# Catio for the boys



## Blumpy710 (Feb 24, 2014)

This is for the cats my farmer neighbors abandoned. They are brothers that did not get along and were skiddish. It's been 2 years and are healthy, cuddling and live in my basement with an option to go in their catio to get fresh air and hang out.


----------



## DebS (Jun 14, 2015)

Nice...do they spend a lot of time in there?


----------



## Blumpy710 (Feb 24, 2014)

All day. I close the window at night because even though we installed heavy duty pet screen, my brother thinks a coyote can break through it. I just ordered a window with a 6 1/2 x 6 1/2 opening so they can go out at night if they want. If a coyote got through the screen, it couldn't get into that opening. I am paranoid.


----------



## Blumpy710 (Feb 24, 2014)

This is their view from inside looking out.


----------



## burt (Jun 2, 2014)

Nice catio


----------



## 10cats2dogs (Jun 16, 2013)

Bllumpy,
This is Awesome! I bet they're happy!
Sharon


----------



## Blumpy710 (Feb 24, 2014)

They are so content and I do not have to worry about them going through another tough winter freezing in my garage.


----------



## evince (Mar 9, 2015)

Wow! Nice catio!  Looks really cozy inside, and best of both worlds, in and out


----------



## Mandy and Ellie (Oct 22, 2013)

Blumpy, that is SO amazing! Everything you've done for them is just incredible, they get to enjoy the outdoors but be safe in their catio.  

Did you build it yourself? Because that looks so well done, it looks like a little professional addition to your home! You guys with your amazing catios are giving me so much inspiration for when I buy my first home in a year or two. 

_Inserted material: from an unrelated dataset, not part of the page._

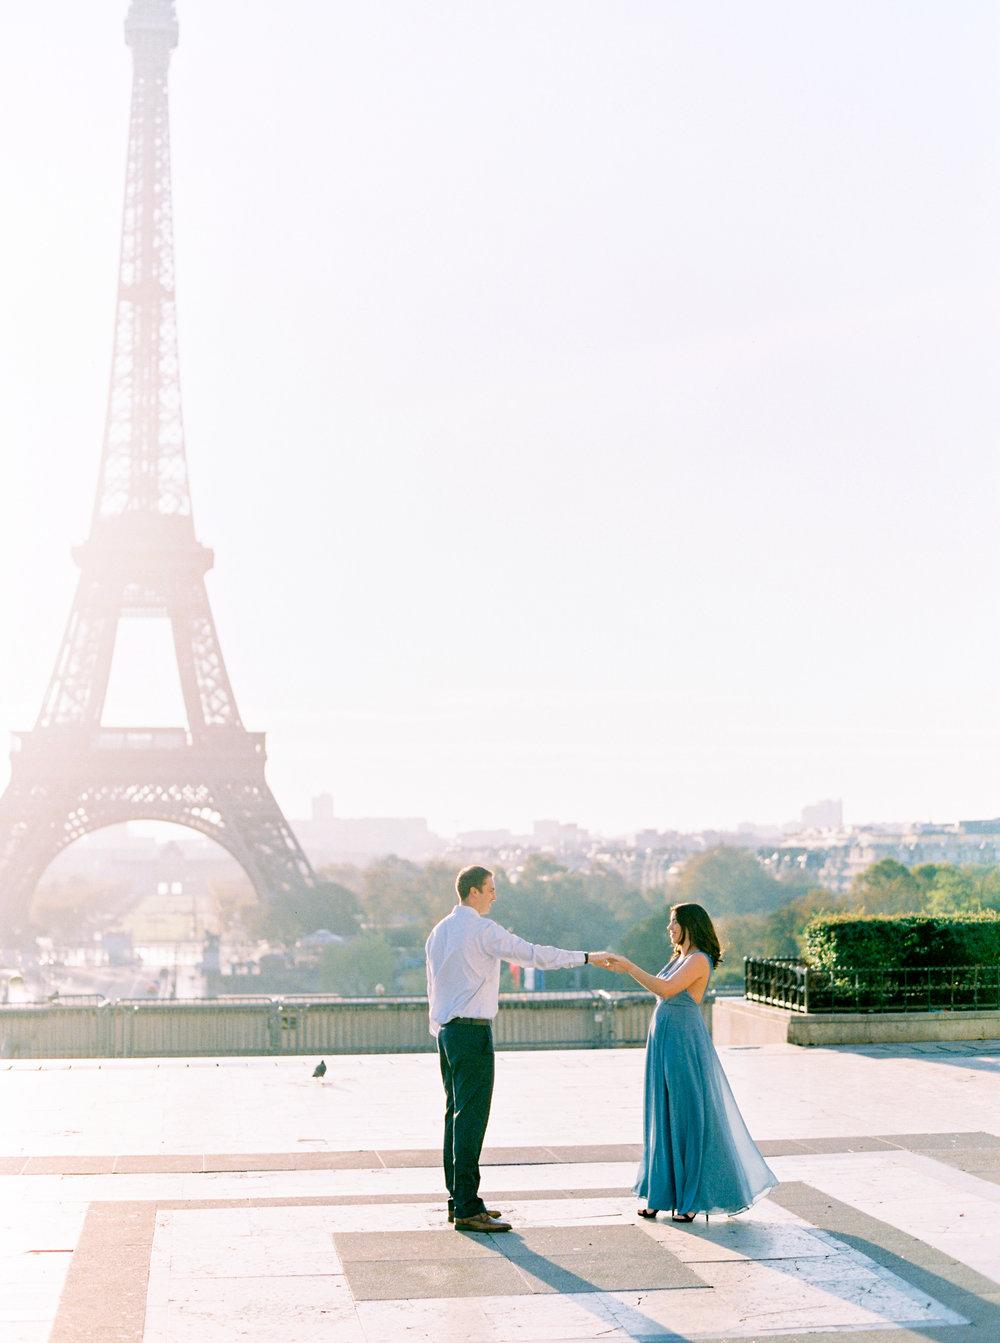 paris-france-wedding-photographer-destination-photographer-79.jpg

Also, I love the kitty on the left's markings! So cute!


----------



## Blumpy710 (Feb 24, 2014)

That is Dale. He is a sweet boy. 

I put the footings in which I bought at Home Depot. My nephew and I framed it then my brother helped with the screen and roof. It wasn't as difficult as I thought. I watched a lot of YouTube videos and just thought it through as I went. It's 4' x 8' which is the size of plywood so I didn't have to cut the floor. The roof is a bit bigger so there is a overhang for rain.


----------



## G-PEG123 (Feb 20, 2014)

Nice! Lucky kitties! I still haven't made a decision about a stroller. I'd like my cats to be able to go out somehow. Townhome living is restrictive.


----------



## DebS (Jun 14, 2015)

Omg! Love that nose!


----------



## Blumpy710 (Feb 24, 2014)

I tried the leash but that was a nightmare.


----------



## Maximus77 (Apr 7, 2014)

Wow, I love it! It looks very well built and secure, their own little clubhouse.


----------